As per the Bench, the entire sequence of the incidence did not generate any doubt that PW-5 had falsely named the appellant in his statement as FIR was promptly lodged. The appellant had also failed to point out any phenomenal contradictions according to the actuality raising serious doubts on the credibility of the prosecution witnesses, which was further supported with the post-mortem report of the deceased.

 

The High Court was of the opinion that the doctrine relating to provocation depends upon the fact that it causes a sudden and temporary loss of self control and such provocation must be both grave and sudden, so as to earn the benefit of the provision of Exception I of Section 300 IPC. “On scrutiny of the entire evidences, it is no where established that the deceased in any manner i.e. by way of gestures, words or creating certain situation that had caused sudden and grave provocation to the appellant so as to bring his action under this Exception.

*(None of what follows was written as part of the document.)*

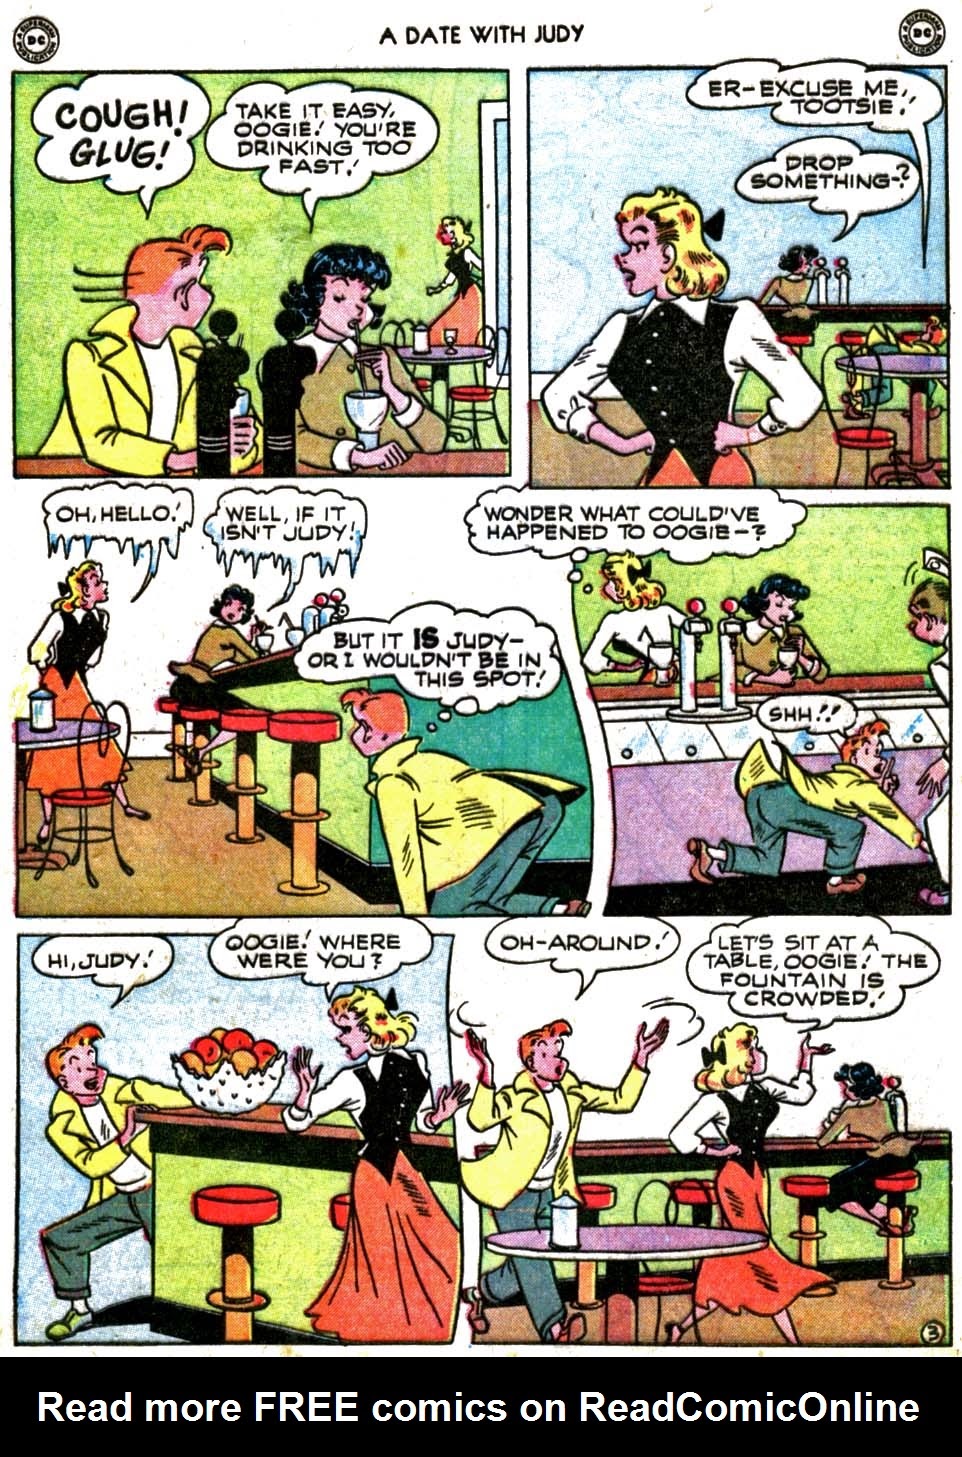 Read online A Date with Judy comic -  Issue #10 - 47

The said exception deals with cases, where there is total deprivation of self control”, the Bench added.

 

The occurrence of stabbing the deceased with knife by appellant took place in the course of sudden quarrel, which was in no manner pre-mediated. There was as such no intention on part of the appellant to kill, the intention probably was to cause bodily injury in the abdomen and one in the chest.

 

However, the Bench observed that he had the knowledge that three stab injuries being caused by him with knife in the abdomen could result in the death of the deceased. In the absence of any previous animosity between the appellant or deceased & family members as the injuries were inflicted in a sudden fight in the heat of passion, thereby, brings the case within the scope of Exception 4 to Section 300 IPC, the Bench added.

 

Upon analysing the testimony of witnesses and having regard to the facts and circumstances of the case, the Bench altered the conviction from Section 302 IPC to Section 304 Part (I) IPC.

 

The Bench concluded the matter by ordering, “We award a sentence of ten years of rigorous imprisonment and a fine of Rs. 10,000/- and in default, to undergo simple imprisonment for one month.”